Histoire écrite avec l’aide de Yanos :


Il est tôt ce matin mais c’est l’été et il fait déjà très chaud quand j’arrive à la gare. Dans ces conditions je suis vêtue le plus légèrement possible : en haut, je porte un t-shirt bleu assez ample et aéré disons, sans soutien-gorge ; en bas, un tanga et par dessus une jupe courte. Il est 8h du matin et je rentre d’un week-end chez une amie. À cette heure-ci, il n’y a pas grand monde dans la gare ni sur les quais d’ailleurs. Tant mieux, je serai plus tranquille. Mon train arrive enfin en gare, je monte dans le wagon le plus proche de moi et je m’installe sur un siège double sur ma droite. Ça fera bien l’affaire.


Sur ma gauche, de l’autre côté du couloir séparant les rangées de fauteuils du wagon sont installés un homme et une femme ; un jeune couple (dans les vingt vingt cinq ans) à priori. Elle, côté couloir et lui, côté fenêtre. Le mec est brun, plutôt beau gosse et tatoué sur le bras, avec de jolis yeux clairs. Et la fille est une belle petite blonde. Manifestement Madame dort profondément. Rien ne semble perturber son sommeil. Après quelques minutes de trajet, je sens bien que le mec d’à côté jette régulièrement des coups d’œil dans ma direction. Je crois que mes longs cheveux noirs, mes yeux et ma bouche pulpeuse, mon joli bonnet D et mes jambes musclées lui plaisent bien. Puisqu’il a envie de me regarder, je décide de lui en offrir un peu plus.


Je me penche lentement en avant, pour refaire mon lacet. Mon t-shirt, ample, baille allègrement au niveau du décolleté et il est plus qu’évident que le bel inconnu a une vue certaine sur mon opulente poitrine. D’autant que je ne porte donc pas de soutif. Je sens son œil lubrique sur moi pendant que je refais le nœud de ma basket. Je me rassois comme si de rien n’était. Je pense qu’à ce moment-là, il ne sait pas encore que je sais… Mais, ça ne saurait tarder. Un coup d’œil rapide pour vérifier que la blondinette dort toujours… ok. Je pose mes mains au niveau de mes genoux, le soleil fait briller ma peau hâlée et tellement douce. Je me mets à remonter mes mains vers le haut et je finis donc par relever ma jupe, lentement mais sûrement. Le haut de mes cuisses se découvre petit à petit du tissu et je ne tarde pas à présenter mon tanga noir au regard de mon voyeur du jour.

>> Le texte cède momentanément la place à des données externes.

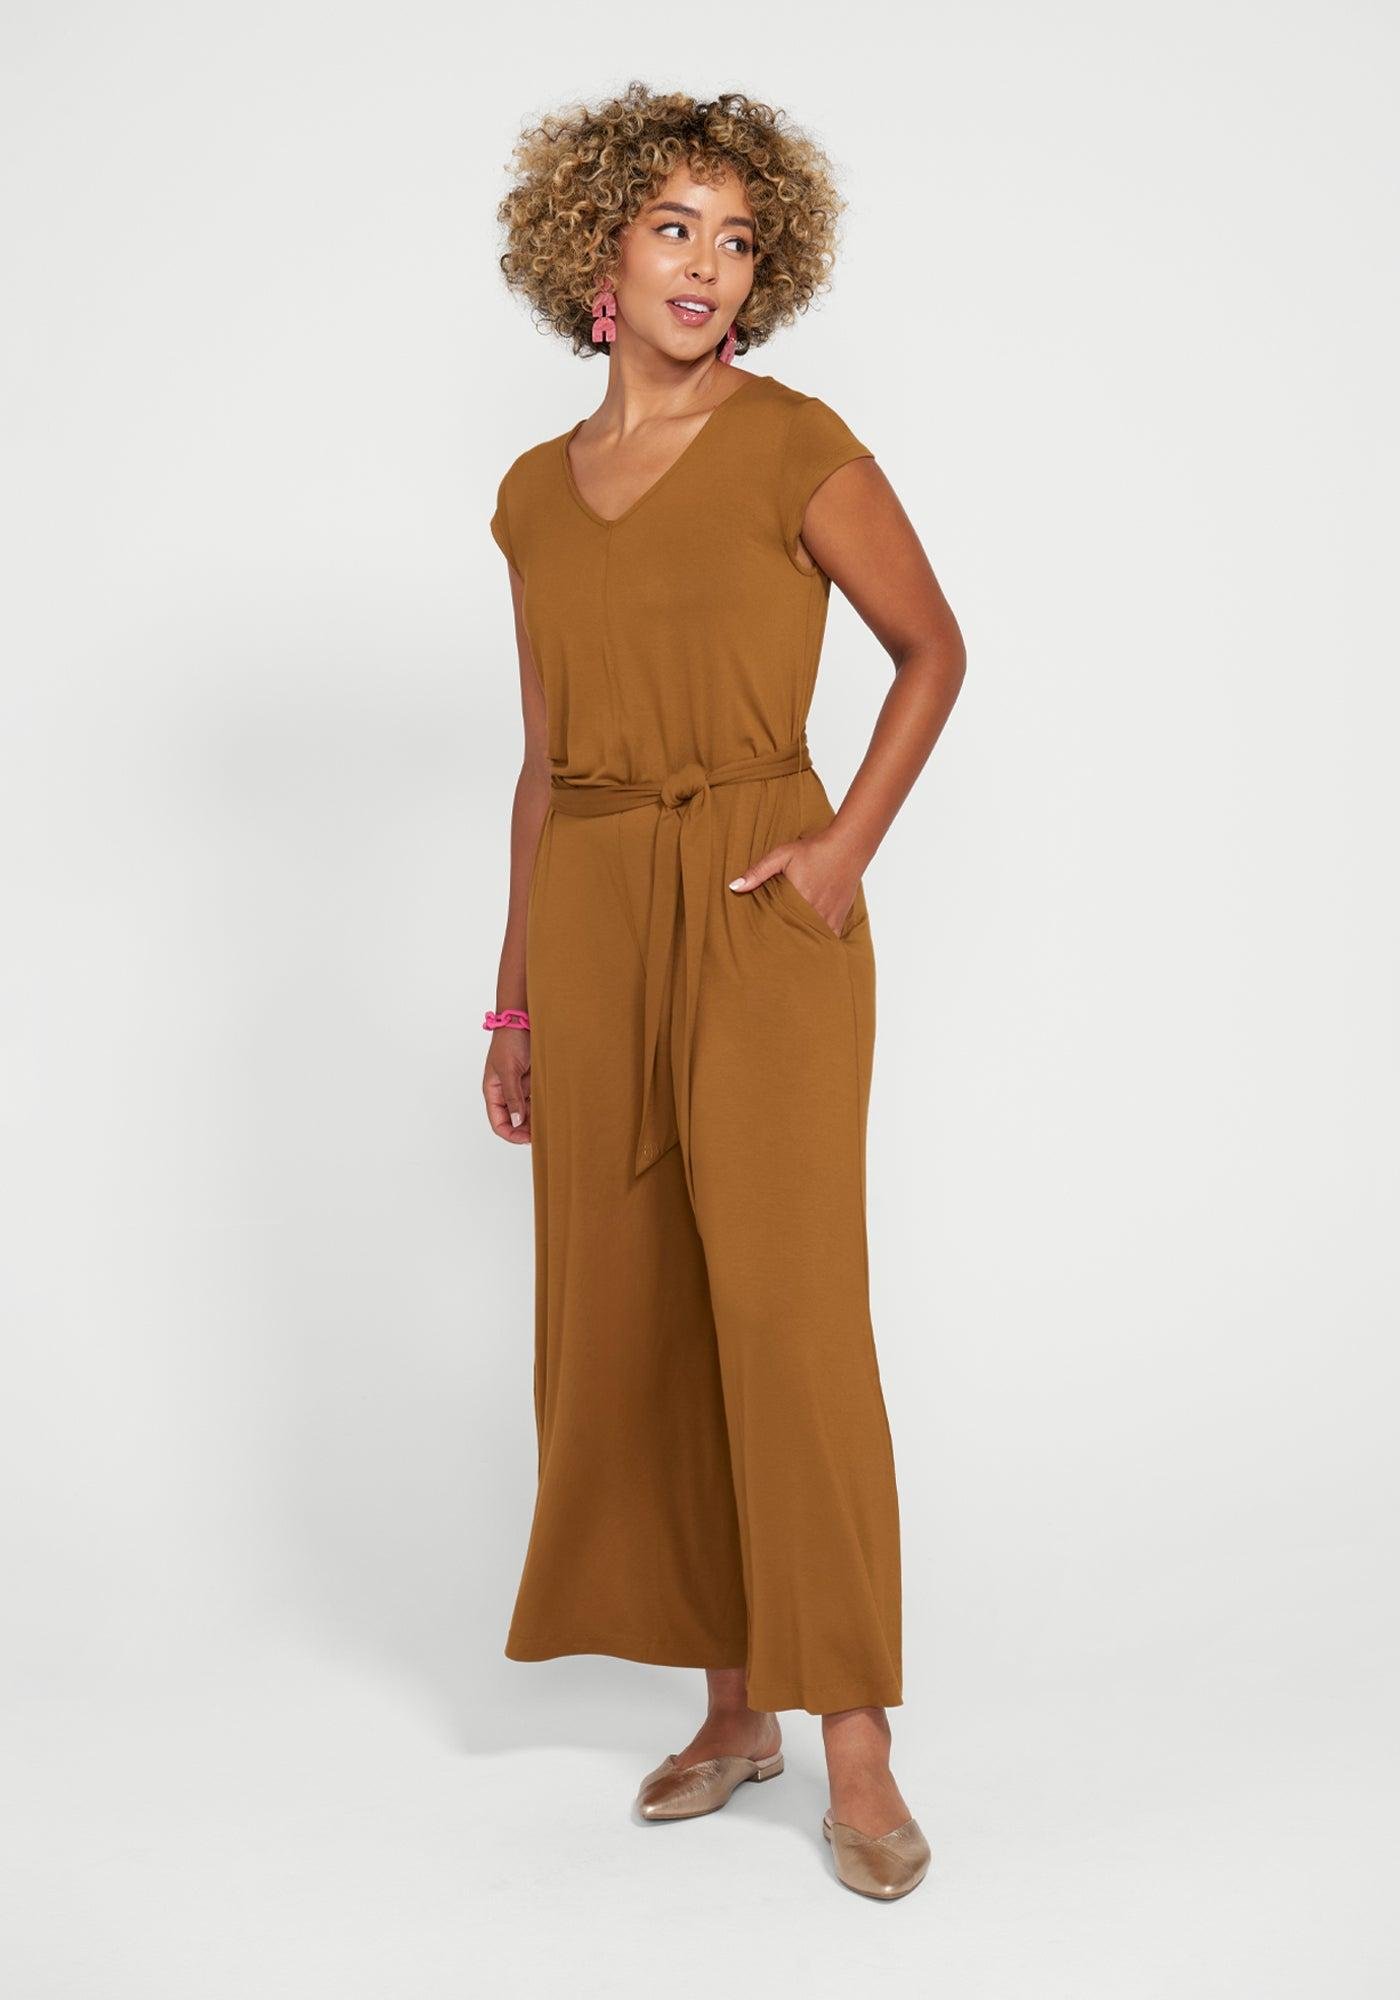 Betabrand Women's Day to Night Jumpsuit by BETABRAND

Cette fois-ci il ne peut ignorer que j’agis de manière volontairement exhibitionniste. Ma jupe est retroussée sur le haut. J’ai une main posée sur le sous-vêtement et l’autre sur ma cuisse chauffée par le soleil qui tape à travers la vitre du wagon. L’inconnu ne cherche plus à être discret, il me mate sans rien dire mais sans jamais me quitter des yeux. Rien n’est calculé ici, j’agis par instinct, laissant parler mes envies. Ainsi, je me décide à me caresser un peu par dessus la culotte. Je dépose mon pied gauche sur l’assise, j’ouvre un peu plus les jambes et pivote légèrement le bassin pour que le mec est une vue un peu plus dégagée sur mes actions. Je suis d’humeur joueuse et coquine ce matin, la situation et le regard de ce beau brun m’excitent. Alors, je saisis le côté de mon tanga et je l’écarte pour le bloquer sur le côté opposé, offrant mon sexe glabre aux mirettes de mon inconnu. Je passe mes doigts dessus, puis entre les lèvres que j’entrouvre un peu, puis je viens agacer mon clitoris. Je mouille très nettement à présent…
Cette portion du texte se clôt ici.